Alerting for Low or Seasonal Traffic Services: In scenarios where real traffic is disrupted or absent (e.g., a sudden drop in user activity or service with seasonal traffic), synthetic monitoring ensures that your system remains functional.
In the context of modern distributed systems, where failures can occur in many components, synthetic monitoring resembles a form of continuous testing. It is tough to perform a robust test for functionality that touches several components. This does not mean that we should abandon traditional testing. It is a great approach to proactively find issues in your codebase. However, it can sometimes be limited. Synthetic monitoring can be great supplementary technique to quickly detect problems that evade standard testing methods and regular observability approaches.

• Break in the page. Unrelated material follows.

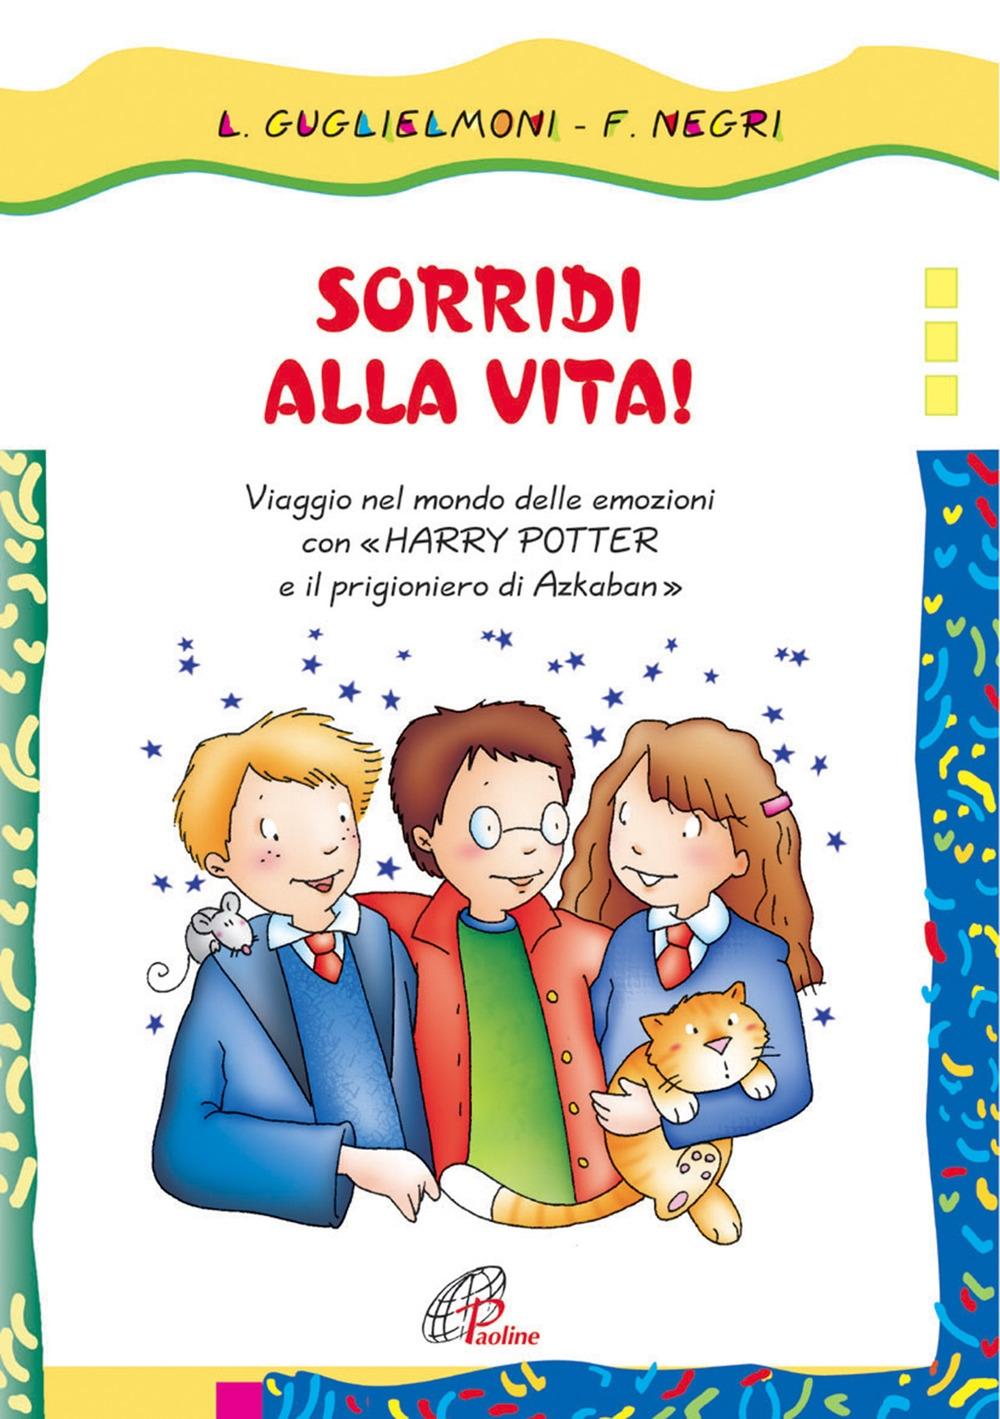 Sorridi alla vita! Viaggio nel mondo delle emozioni con Harry Potter e il prigioniero di Azkaban

In this post, I would like to show the process of building a basic synthetic monitoring service in Python that uses Prometheus to collect metrics.
High-level Architecture
The high-level architecture consists of a simple reservations service built in Python with a REST API exposed, and an independently running monitor written in Python that periodically calls the POST /reservations
endpoint. Both services are integrated with Prometheus, which collects the metrics.
Prometheus Setup
To collect metrics from our services we need to configure the Prometheus instance. I presented the details of this process in one of the previous posts.
The first step is to define the Prometheus config file (prometheus.yml
):
# prometheus.yml
global:
scrape_interval: 15s
evaluation_interval: 10s
scrape_configs:
- job_name: "prometheus"
scrape_interval: 5s
static_configs:
- targets: ["localhost:9090"]
At this point, the Prometheus instance will be scraping metrics only from itself (localhost:9090
). When the Reservations Service and Synthetic Monitor are ready, we will have to update scrape_configs
section to provide data from these services.
The Prometheus instance can be started using the Docker Compose file (docker-compose.yml
):
# docker-compose.yml
version: "3.7"
services:
prometheus:
image: prom/prometheus
ports:
- target: 9090
published: 9090
volumes:
- type: bind
source: ./prometheus.yml
target: /etc/prometheus/prometheus.yml
command:
- '--config.file=/etc/prometheus/prometheus.yml'
- '--storage.tsdb.path=/prometheus'
We expose 9090
port to have access to Prometheus UI. The configuration file (prometheus.yml
) which was defined several paragraphs above has to be mounted into the container using volumes
section.
After hitting docker compose up
in a terminal, we should see several Prometheus logs and information that the Prometheus container was created:
$ docker compose up
✔ Container synthetic-monitoring-prometheus-1 Created
We can visit localhost:9090/targets
and check whether our scraping target (Prometheus instance) is recognized.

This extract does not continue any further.